Below are some records; give them all again exactly, but not the pictures.

Stored entries:
_ _ _ _

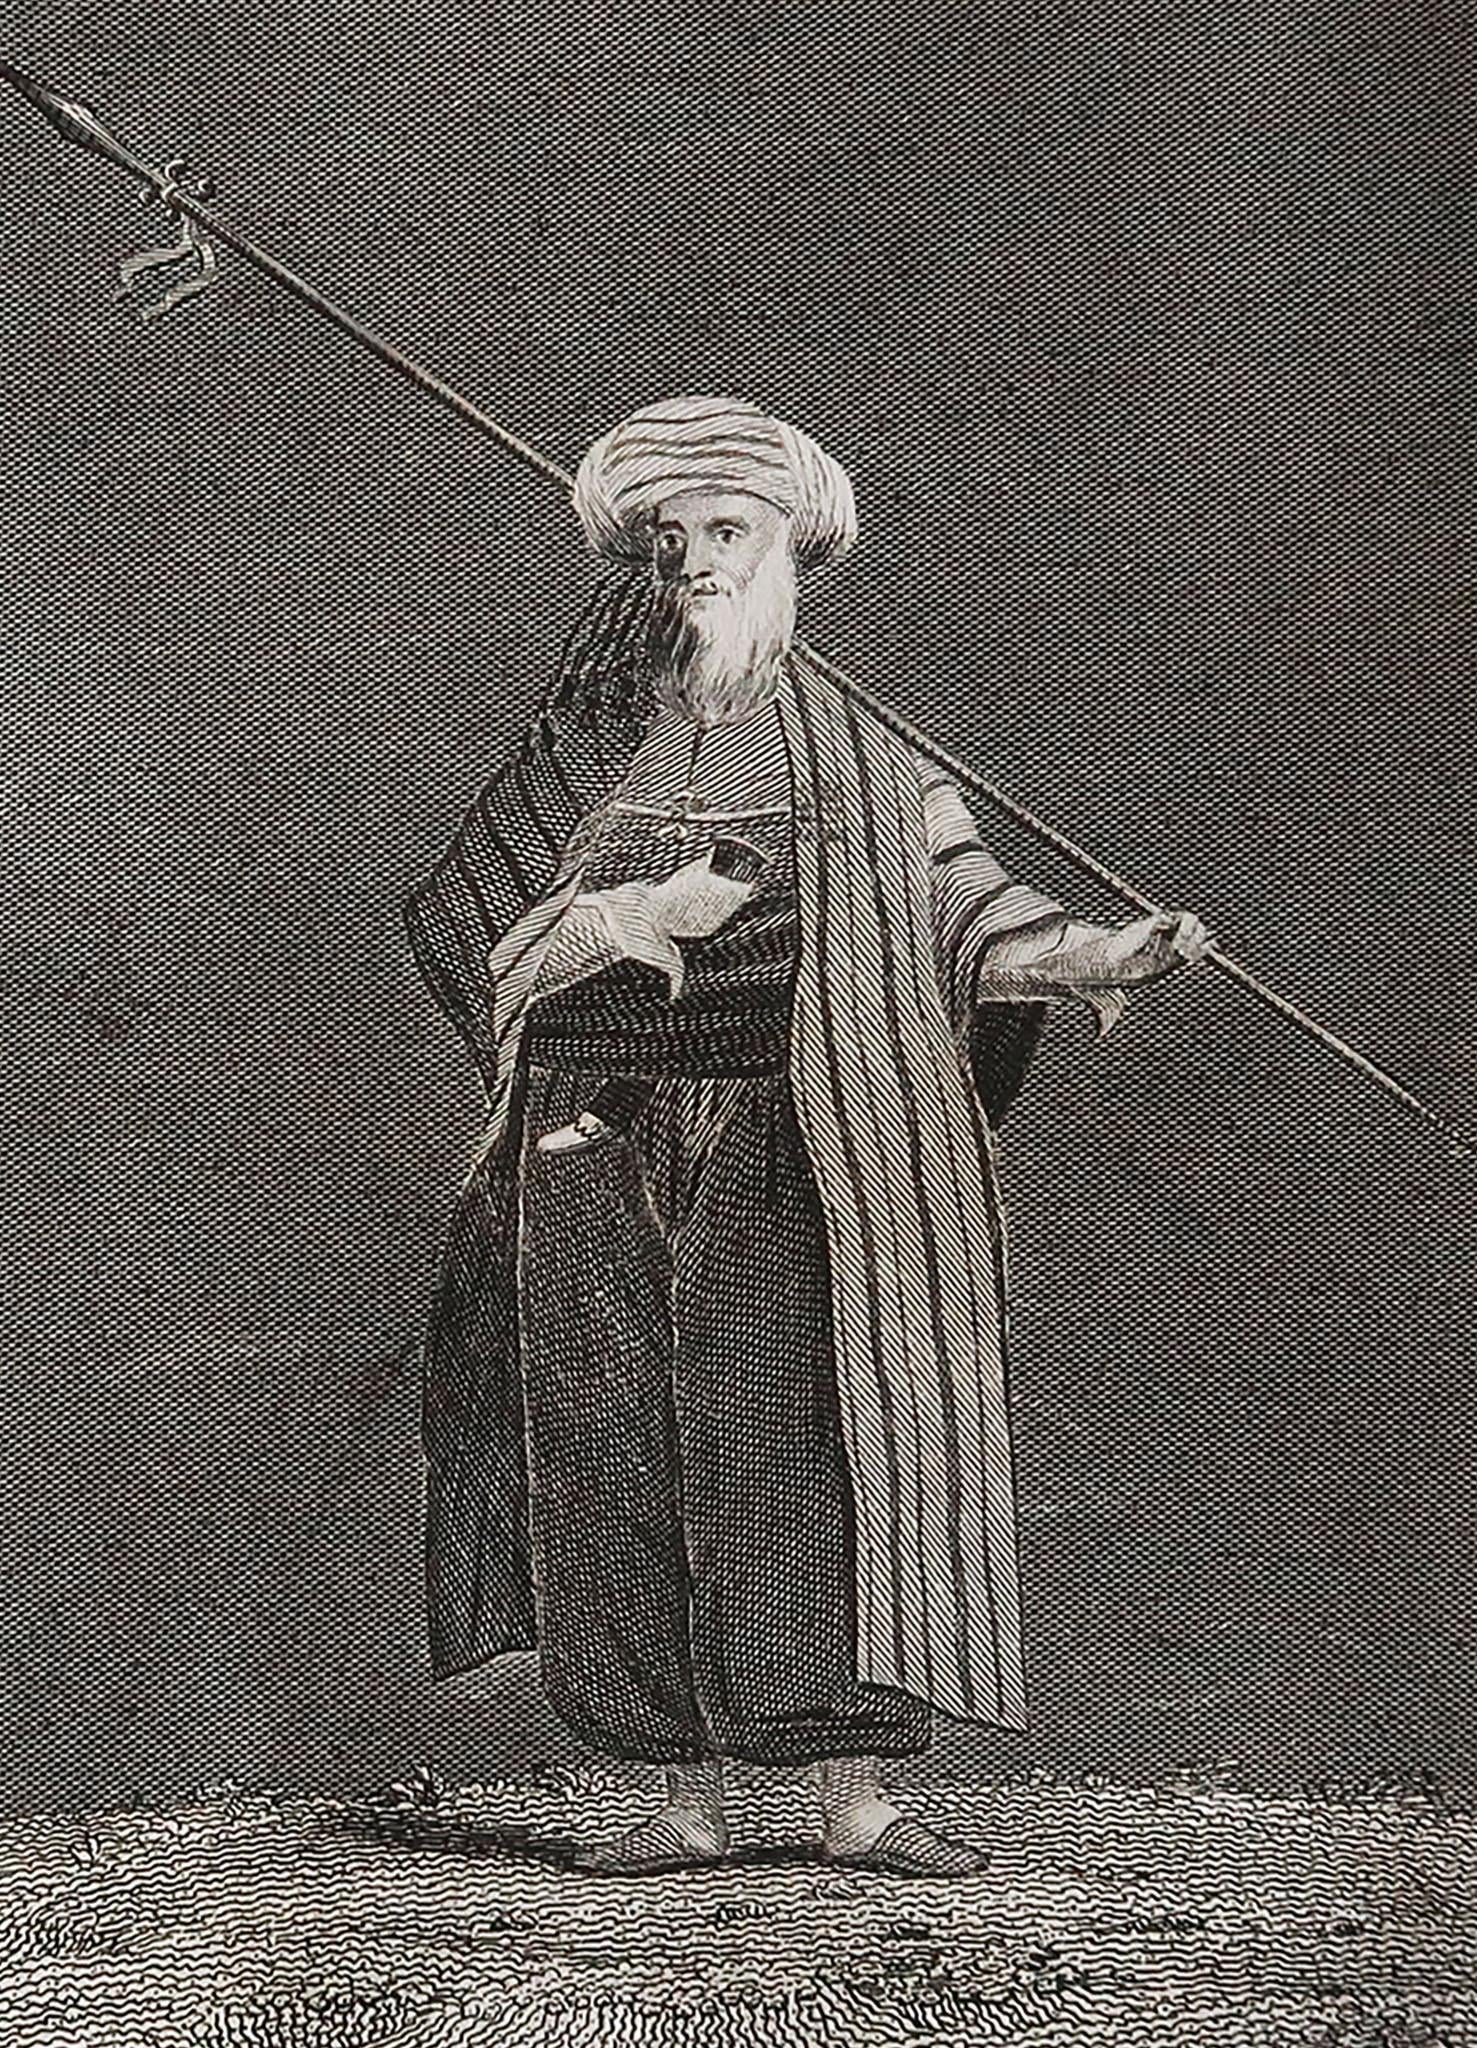 Belle image d'un cheikh arabe

Gravure sur cuivre par T. Clerk

Publié par Mackenzie et Dent. 1817

Non encadré.
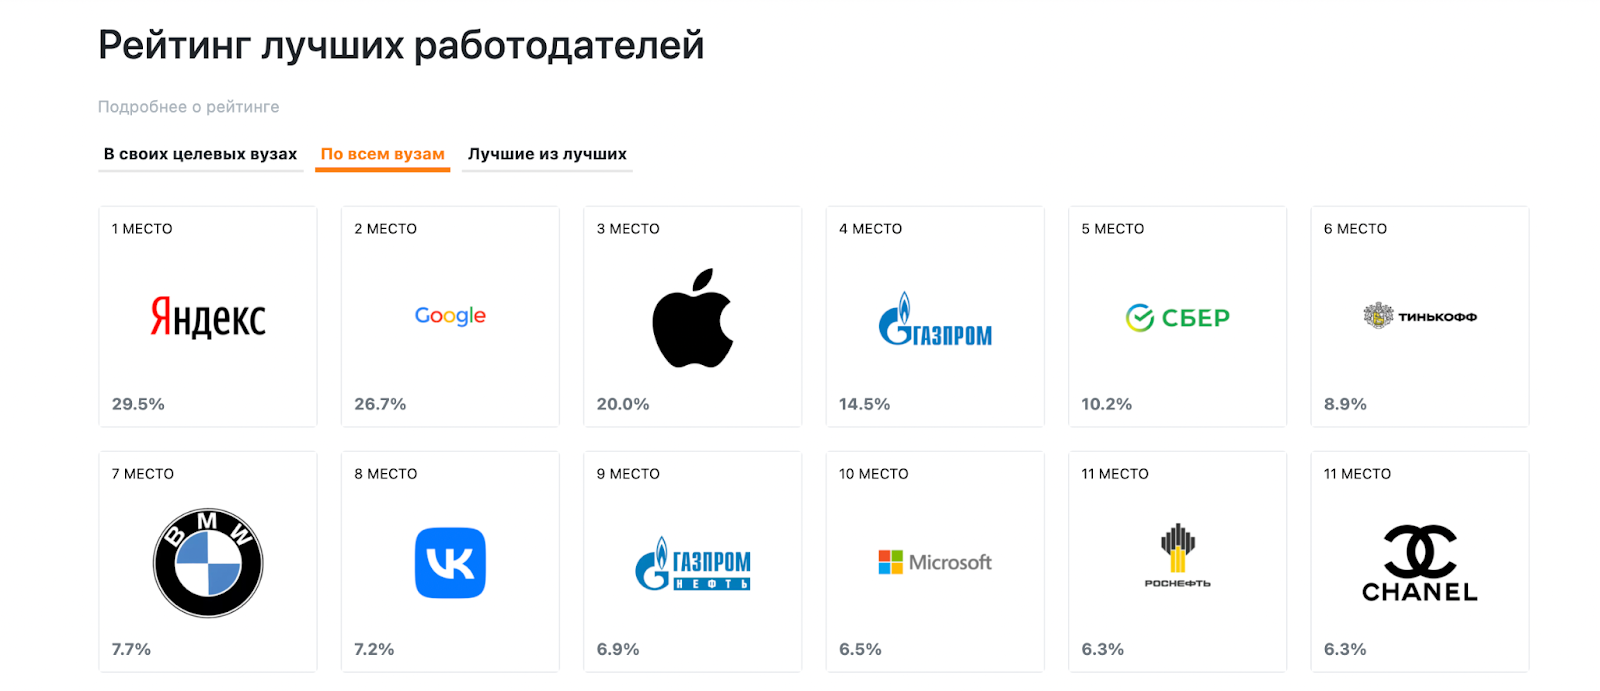 Студенты ведущих российских вузов хотели бы работать в «Яндексе», Google, Apple и «Газпроме»
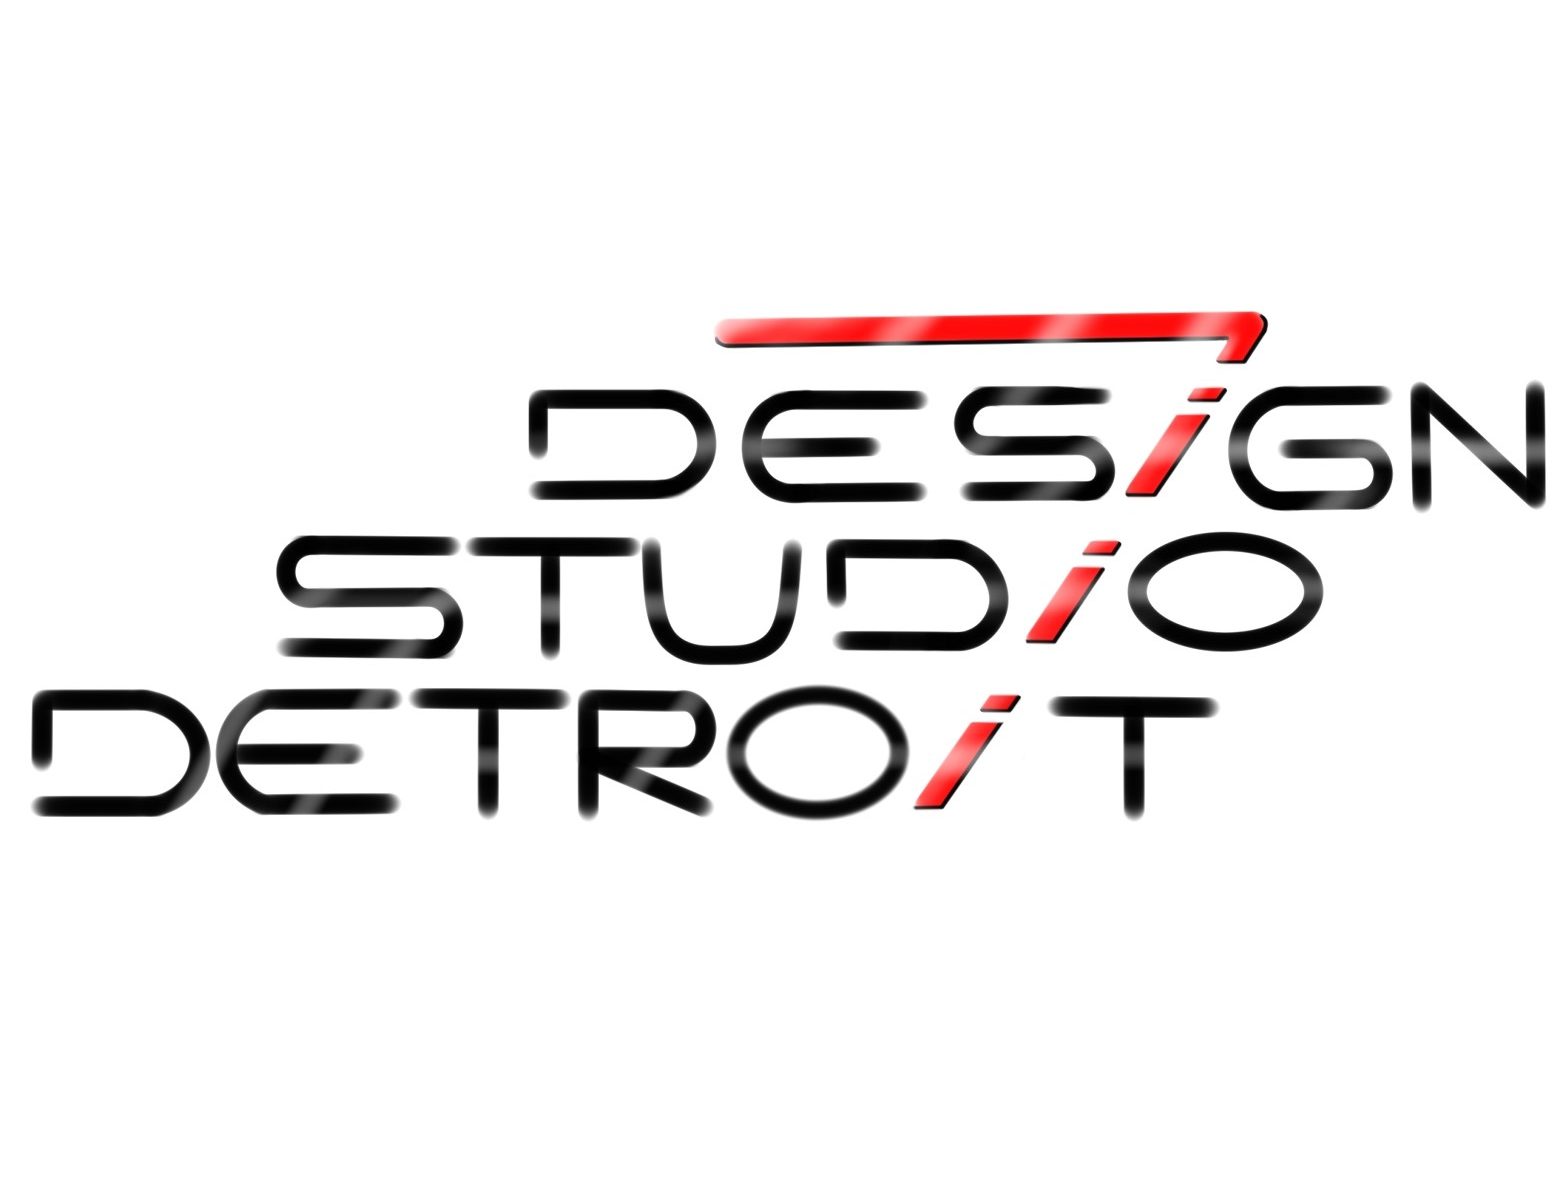 Design Studio 7 Detroit
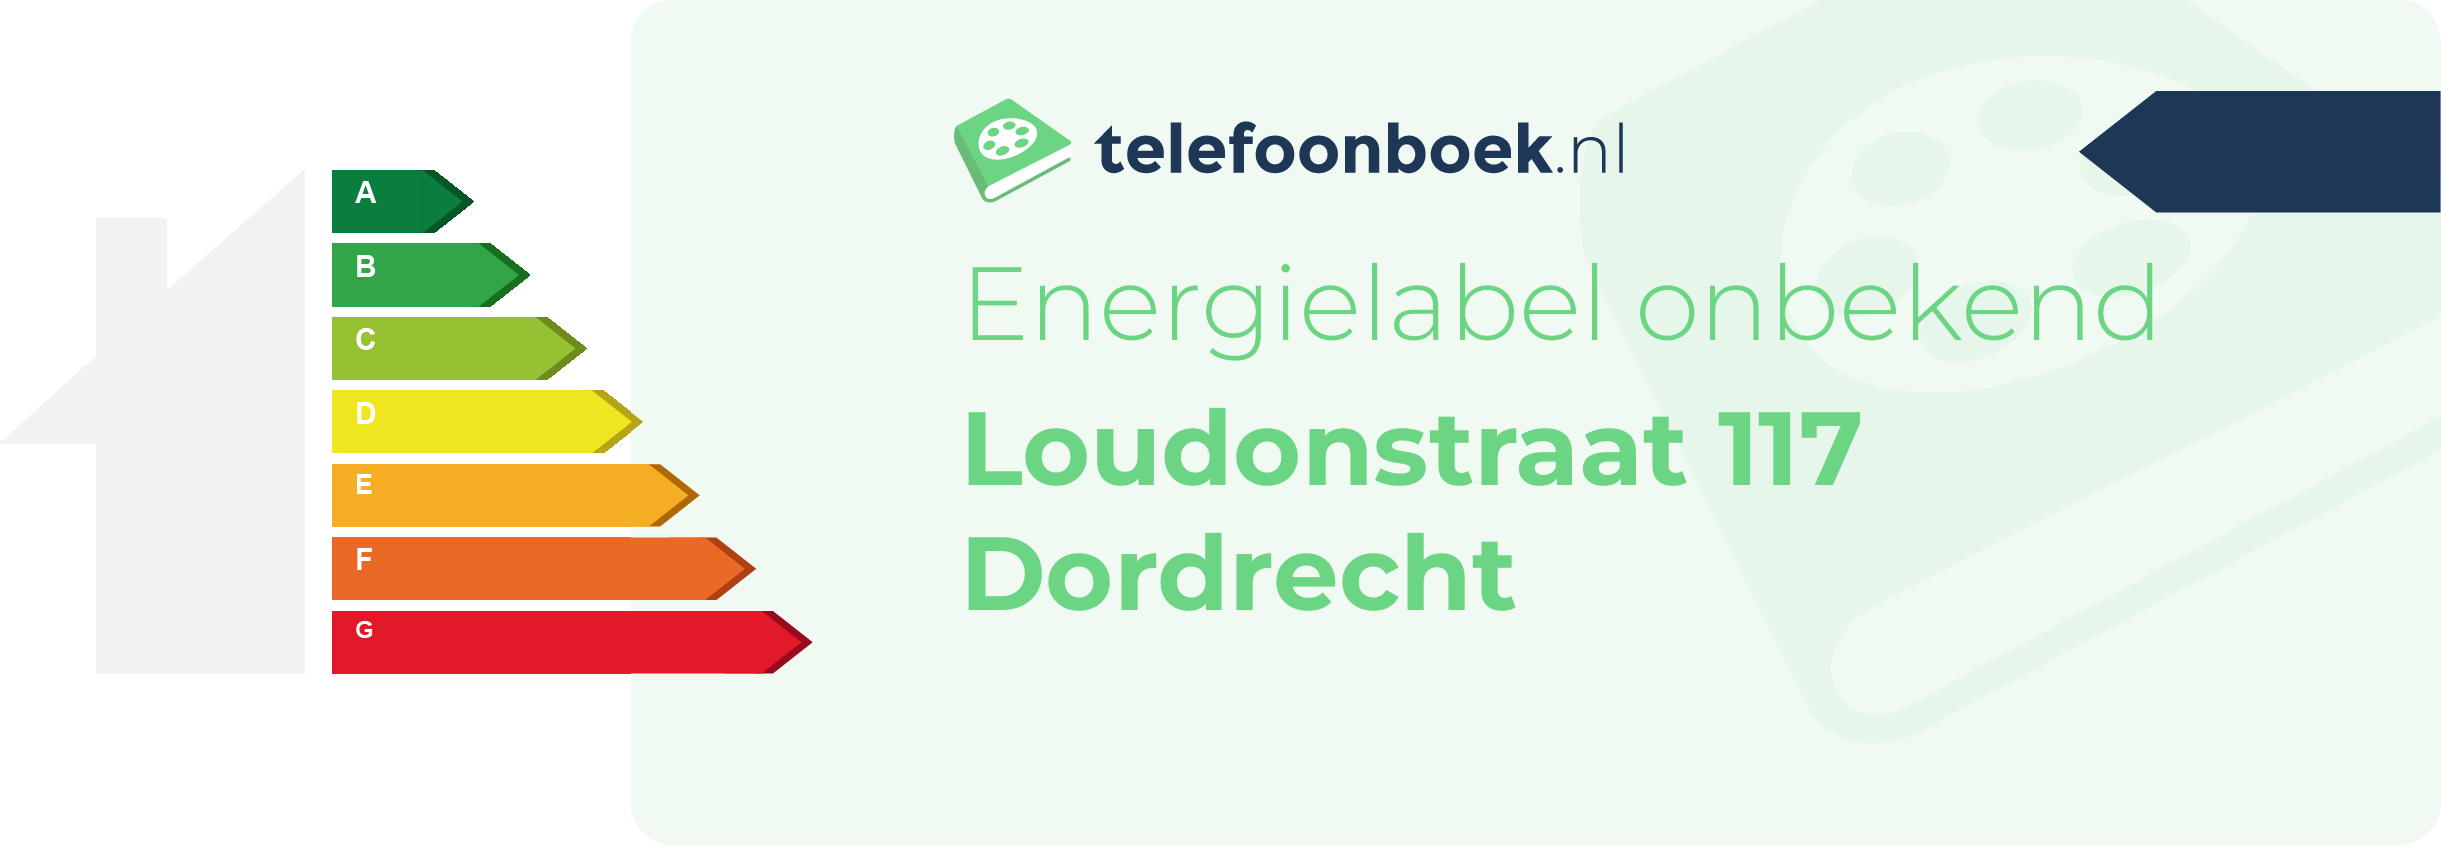 Energielabel Loudonstraat 117 Dordrecht
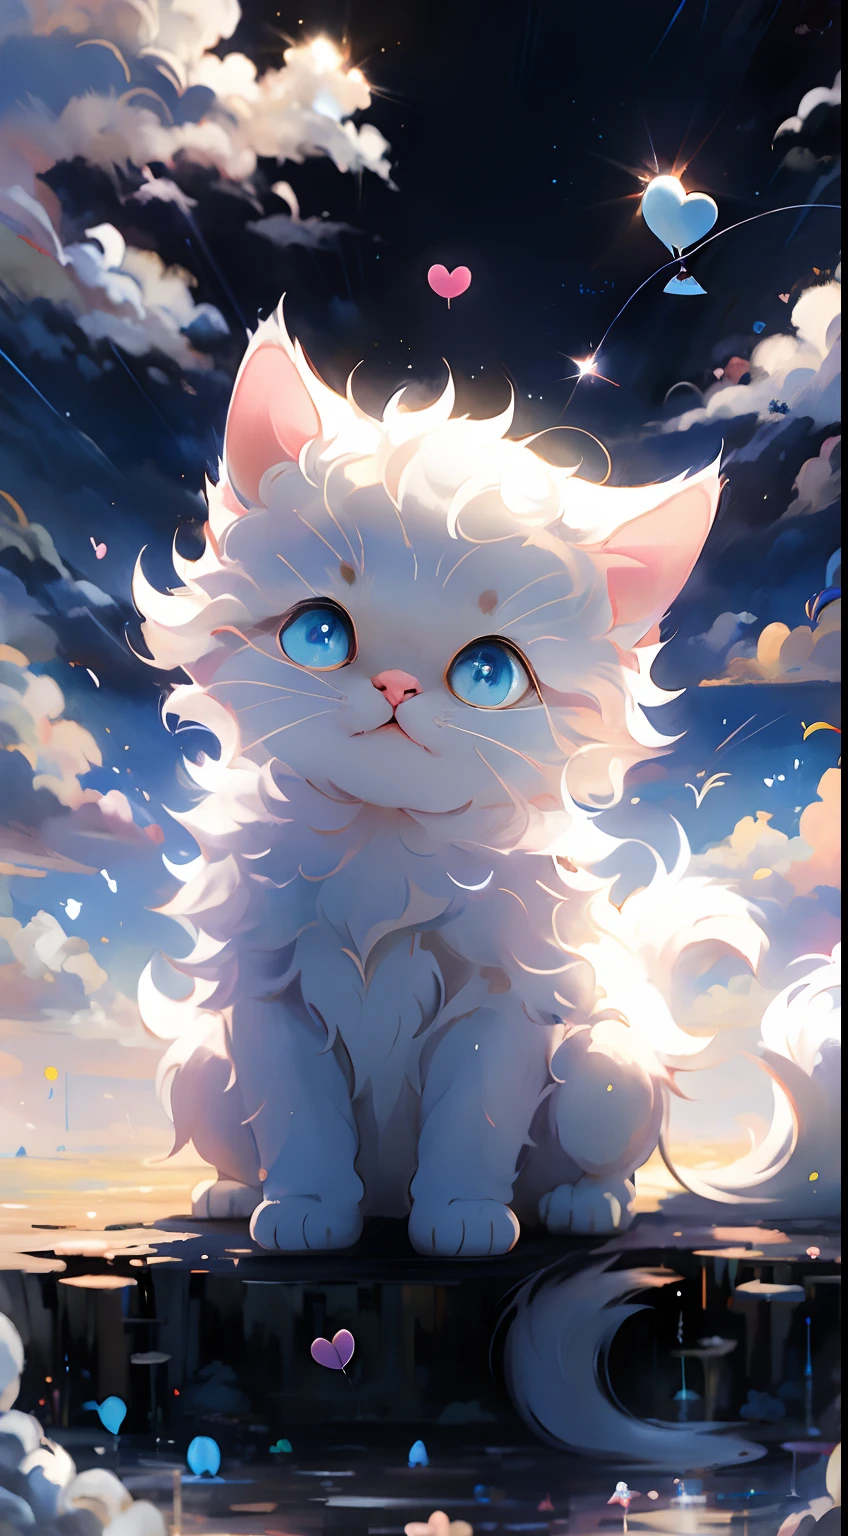 أفضل جودة, com.tmasterpiece, مفصلا:1.4, قطة بيضاء لطيفة, عقد بالون الحب, الخلفية هي السماء الزرقاء والسحب البيضاء。

_ _ _ _

### Answer space
 Belle image d'un cheikh arabe

Gravure sur cuivre par T. Clerk

Publié par Mackenzie et Dent. 1817

Non encadré.
 Студенты ведущих российских вузов хотели бы работать в «Яндексе», Google, Apple и «Газпроме»
 Design Studio 7 Detroit
 Energielabel Loudonstraat 117 Dordrecht
 أفضل جودة, com.tmasterpiece, مفصلا:1.4, قطة بيضاء لطيفة, عقد بالون الحب, الخلفية هي السماء الزرقاء والسحب البيضاء。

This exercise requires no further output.